What are the Basics of Internal Auditing?

Latest update:
11 Aug
2022

With this blog, the spotlight turns to internal audit and specifically in the context of ISO 27001, the International Standard for Information Security Management.  We will step right back and look at internal auditing from the perspective of those new to the subject or those trying to understand where and why it fits.

The purpose of an internal audit process is to ensure that the organisation has taken every appropriate precaution to verify the effectiveness of its information security management system (ISMS) against the requirements of ISO 27001 and the organisation’s own requirements for the ISMS.  To achieve this, according to the Standard, internal audits must be conducted by objective and impartial auditor(s).

ISO 27001 Requirement

The internal audit requirements are stipulated in Clause 9.2 of ISO/IEC 27001.  In order to address this as an integral part of management system processes in general, it is recommended that you approach this as a business process, not a stand-alone process you have to do because the Standard says so.  Implementation of an audit process is not a one-off activity to achieve certification, but a recurring process that will be triggered at regular intervals or when there is a significant change in the organisation.  

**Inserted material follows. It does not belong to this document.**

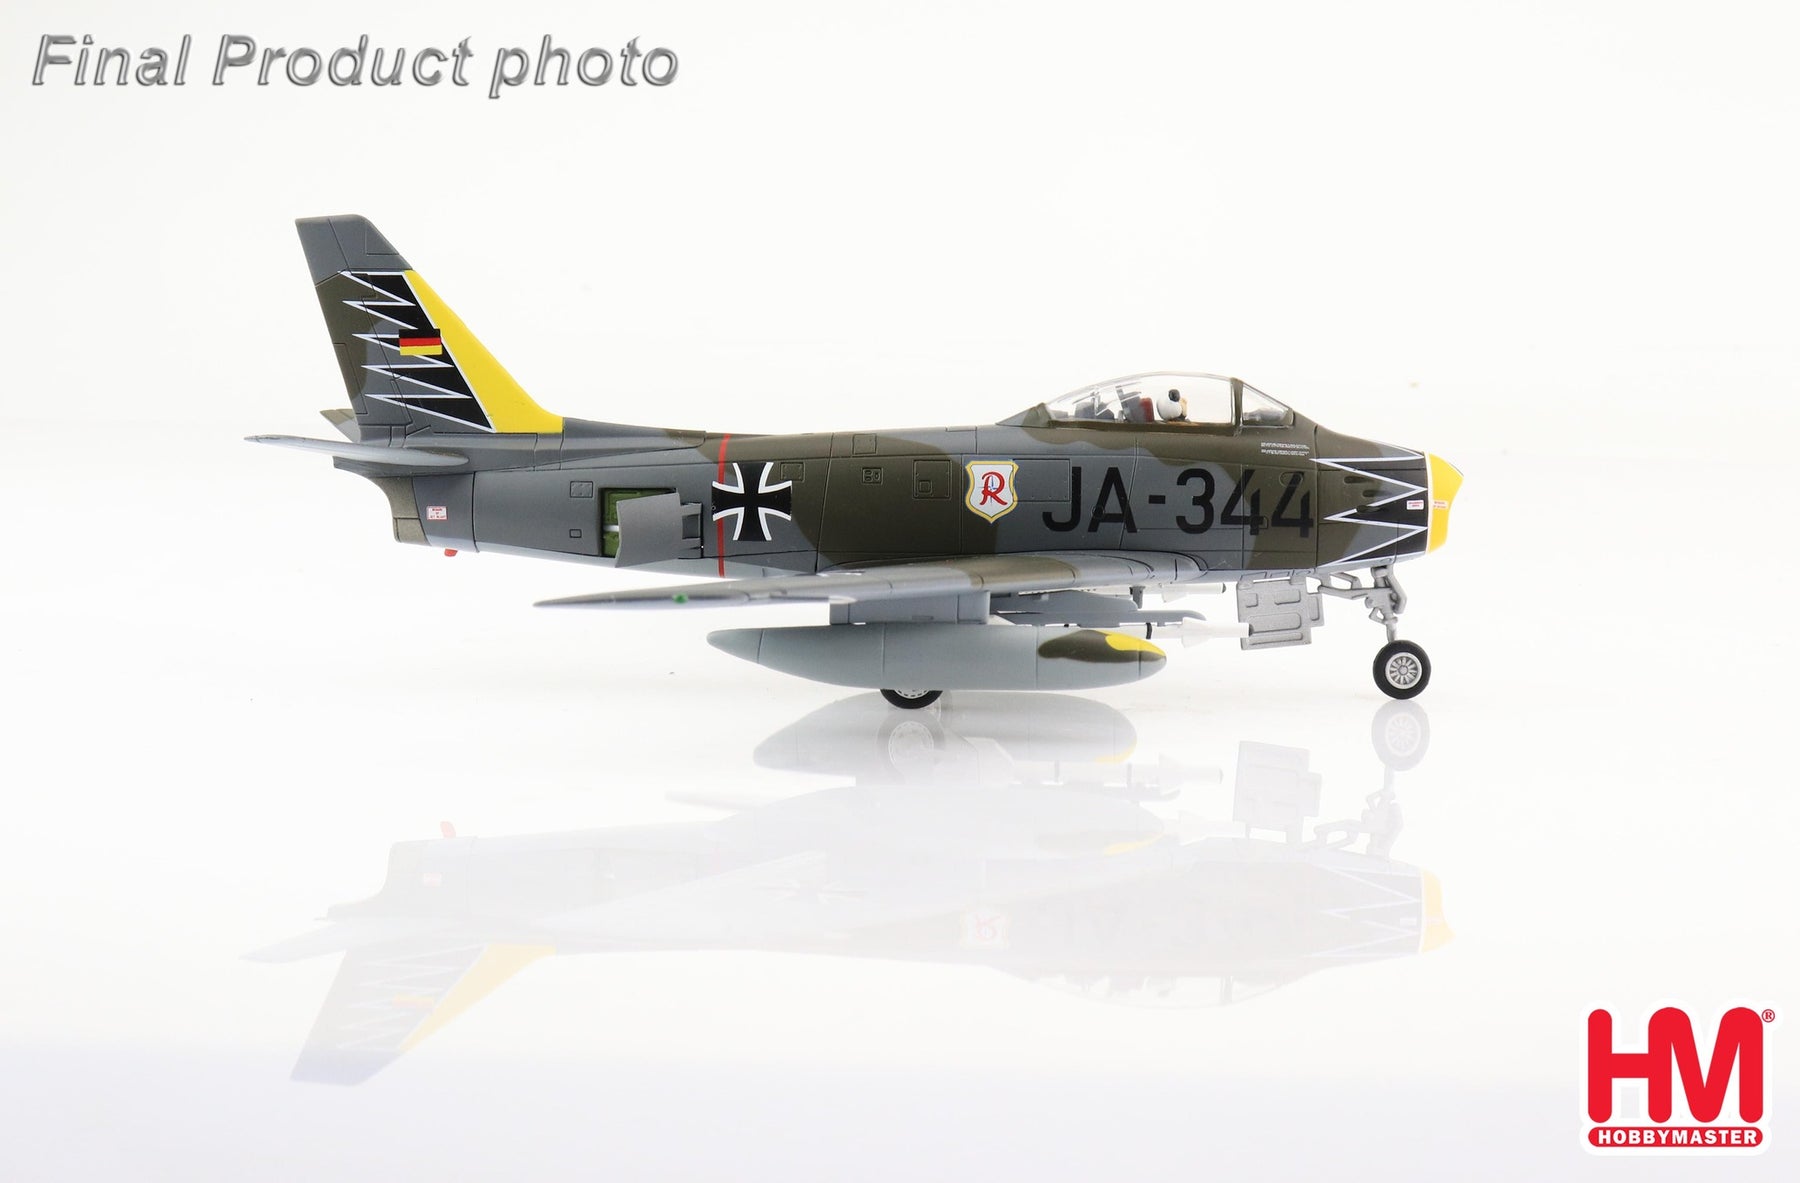 カナデアCL-13セイバーMk.6（F-86F-40） 西ドイツ空軍 第71戦闘航空団「リヒトホーフェン」 1961年 JA-344 1/72  [HA4319]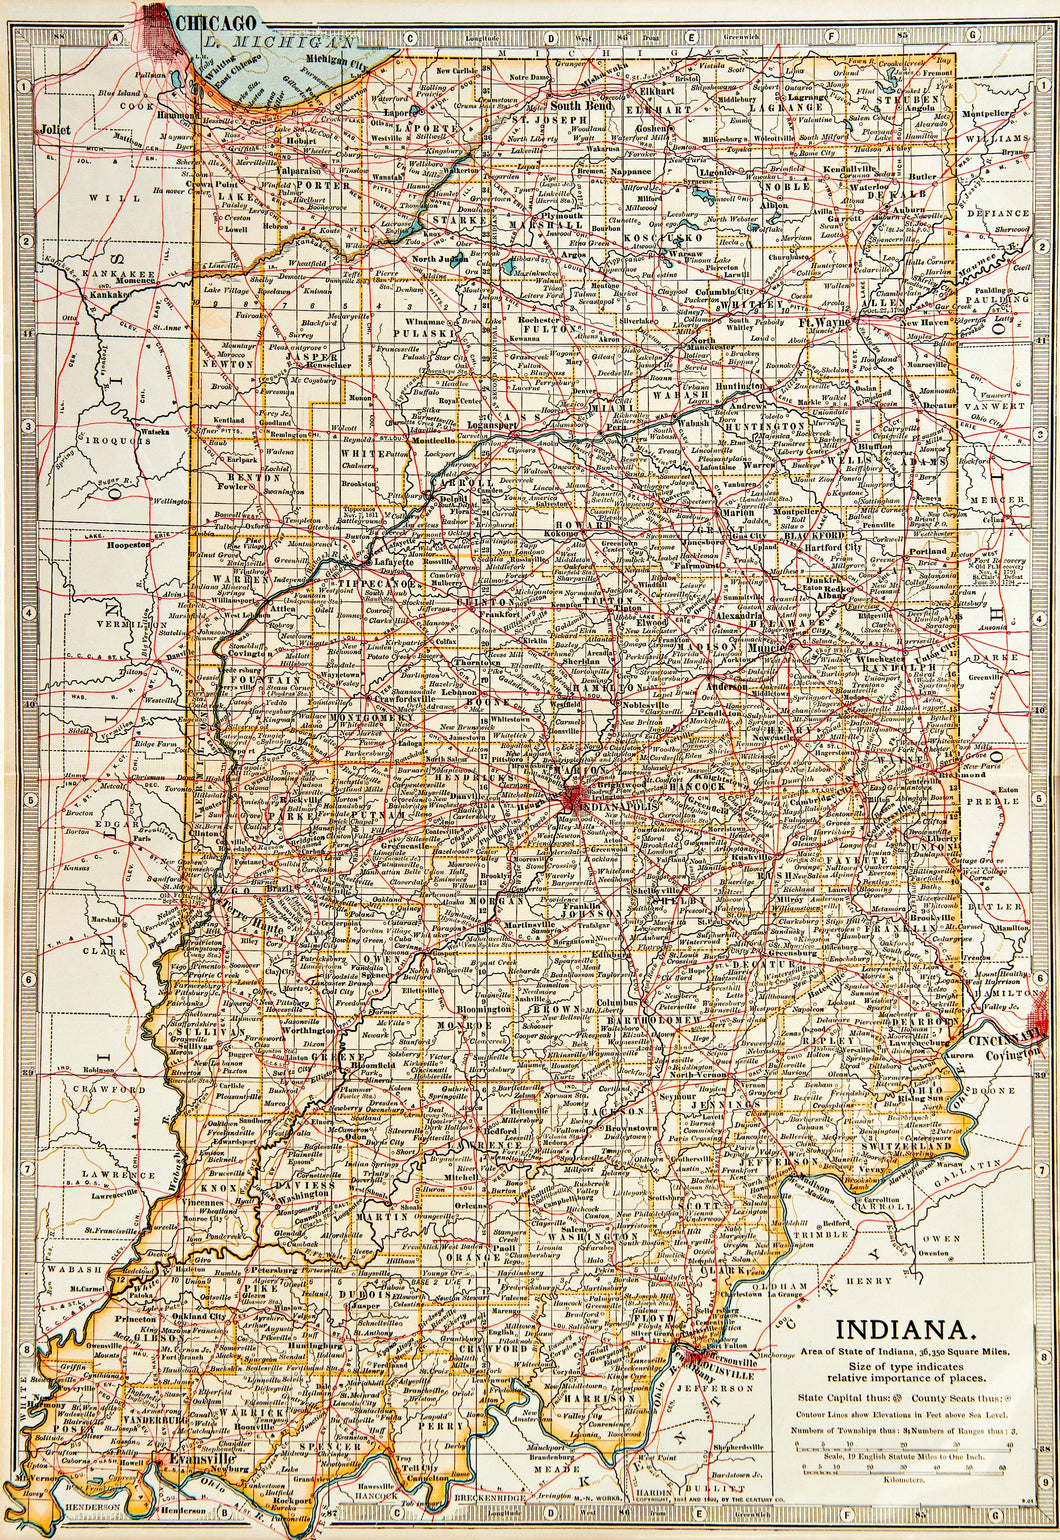 Indiana - Antique Map circa 1903

Once the audit process has been established, we need to identify the auditors.  As stated above, auditors must be selected who will ensure the objectivity and impartiality of the internal audit process.  For the purpose of meeting the requirements of ISO 27001, identifying competent, impartial and objective auditor(s) includes setting the requirements that would sustain any reproach from third parties.

Selected auditor(s) can be internal personnel who are already auditors or those who you train to be auditors.  You can seek external support if you prefer.  The choice is entirely yours, as long as these individuals are not assessing anything that they have been involved in developing or implementing.  It is common practice to outsource this activity to ensure the three pillars of internal auditing are preserved: competency, objectivity and impartiality.

Audit process

As part of the audit process, a schedule or programme must be established, planned, implemented and maintained.  A key practical consideration here may be to avoid any audits taking place during challenging business periods.  This is particularly relevant to those organisations who are subject to regular regulatory and client audits, and want to avoid ‘audit fatigue’.

Likewise, due care should be taken not to extensively audit certain business areas if it can be avoided, in order to avoid any criticism that departments/functions are either being picked upon or being neglected.  Naturally, however, those business areas identified as being critical by the risk assessment will feature prominently in any audit programme.

During the actual audit, all pertinent employees need to be available for interview and to provide evidence, where required, to support the audit.  It is important that employees don’t feel as if they are being subjected to an interrogation and that they understand the audit is all part of a process to continually improve the ISMS.  It is also important that the audit is documented, typically in the form of a report, recording who was spoken to, what was said and importantly, what evidence was found along with a summary of the findings.  It should also contain:

  • Nonconformities identified if any
  • Opportunities for improvement.

Identification of nonconformities can stem from the organisation’s lack of compliance with the requirements of the Standard, or its own ISMS requirements as defined in policies/processes and identified legal and regulatory requirements.

From an ISO 27001 perspective, following the internal audit, the findings need to be tracked and managed with remediation activities identified.  Often this is through the corrective action or continual improvement process.  The findings, and possibly the report, will be key inputs to the management review, providing an indication of the health of the organisation’s ISMS and overall information security position.

Conclusion

As one of the most important management system processes, internal audit will provide benefits internally and externally by providing evidence that:

  • An organisation has implemented and actively maintains its ISMS
  • Top management’ is actively involved in ensuring that the ISMS is fit for purpose
  • An organisation is continually working on improving its ISMS
  • ISMS processes and security controls are reviewed and audited at regular intervals.